L’innalzamento dell’Iva potrebbe pesare, manco a dirlo, proprio sulle famiglie meno abbienti. E Stefano Fassina promette che il congelamento dell’Imu implicherà un inevitabile aumento dal 21 al 22% dell’ Iva.

Stefano Fassina del Pd era stato chiaro, sin troppo. Ha spiegato ai microfoni che il congelamento dell’Imu imposto dal Pdl comporterà, inevitabilmente, l’innalzamento dell’ Iva dal 21 al 22% viste le risorse dedicate a congelare la prima rata Imu.Secondo la Cgia di Mestre, in termini assoluti, se ci sarà l’aumento dell’Iva, saranno i percettori di redditi elevati a subire l’aggravio di imposta più pesante. Confrontando però l’incidenza percentuale sullo stipendio netto annuo di un capo famiglia, ecco che la situazione cambia completamente e l’aumento Iva finirebbe per pesare maggiormente proprio sulle retribuzioni più basse.

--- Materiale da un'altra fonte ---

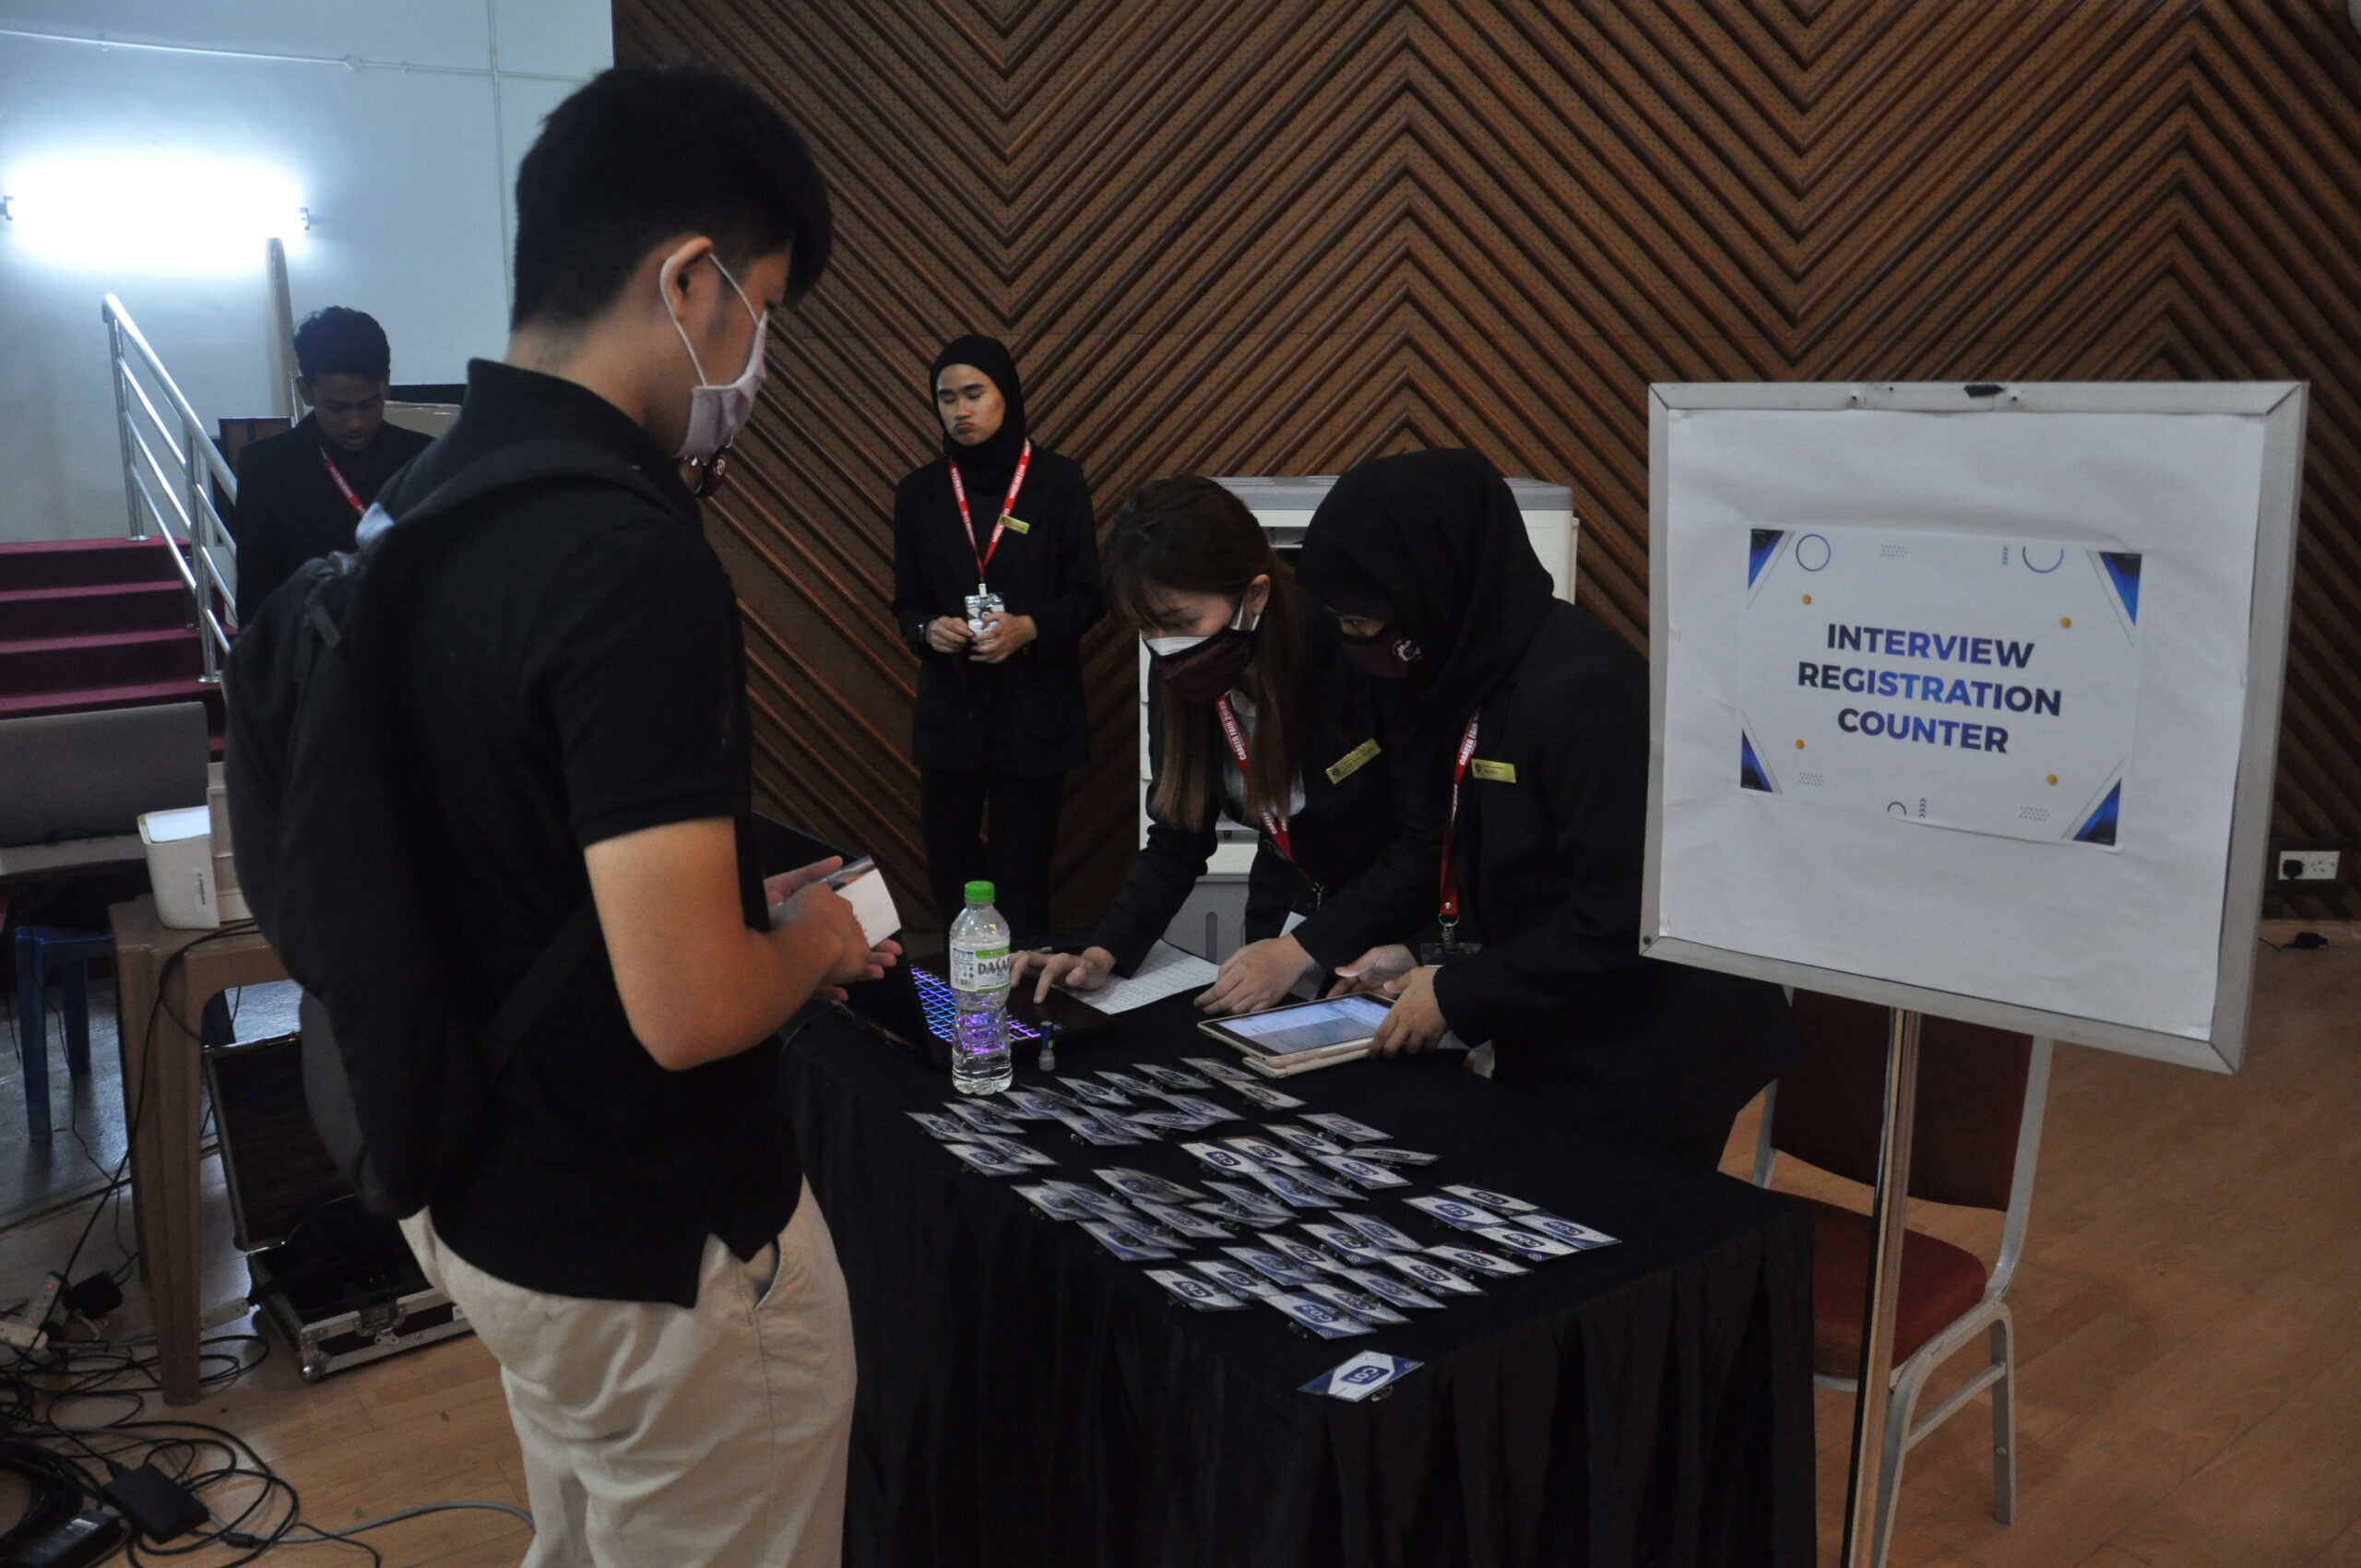 Student registering for interview session

L’ Ufficio Studi dell’Associazione veneta degli artigiani sottolinea poi che “a parità di reddito i nuclei famigliari più numerosi subiranno gli aggravi maggiori“. Insomma il peso delle tasse rischia di cadere proprio sulle famiglie più in difficoltà. Nel 2012 la propensione al risparmio delle famiglie italiane è scesa ai minimi storici, e dal primo ottobre l’aliquota ordinaria potrebbe salire dal 21 al 22%, facendo così subire una ulteriore contrazione dei consumi che peggiorerà ulteriormente il quadro economico generale. L’incremento Iva potrebbe valere qualcosa come 4,2 miliardi di euro all’anno. A seguito dell’aumento dell’aliquota Iva al 22%,  La Cgia ha ipotizzato  una propensione al risparmio nulla per la prima fascia di reddito, pari al 2,05% per il reddito annuo da 20.000 euro, del 4,1% per quella da 25.000 euro e dell’ 8,2% per le rimanenti fasce di reddito. Anche per quanto riguarda i single, l’incidenza dell’aumento dell’Iva graverà maggiormente per le fasce meno abbienti.Emerge infine  un altro risultato molto intuitivo: a parità di reddito, più aumenta il numero dei componenti di una famiglia, più si fa sentire il peso dell’aumento dell’Iva. Ancora una volta il governo a parole cerca di soddisfare il senso comune, ma nella pratica cerca di scaricare sempre di più il peso della crisi su chi ha meno, a vantaggio di chi ha di più.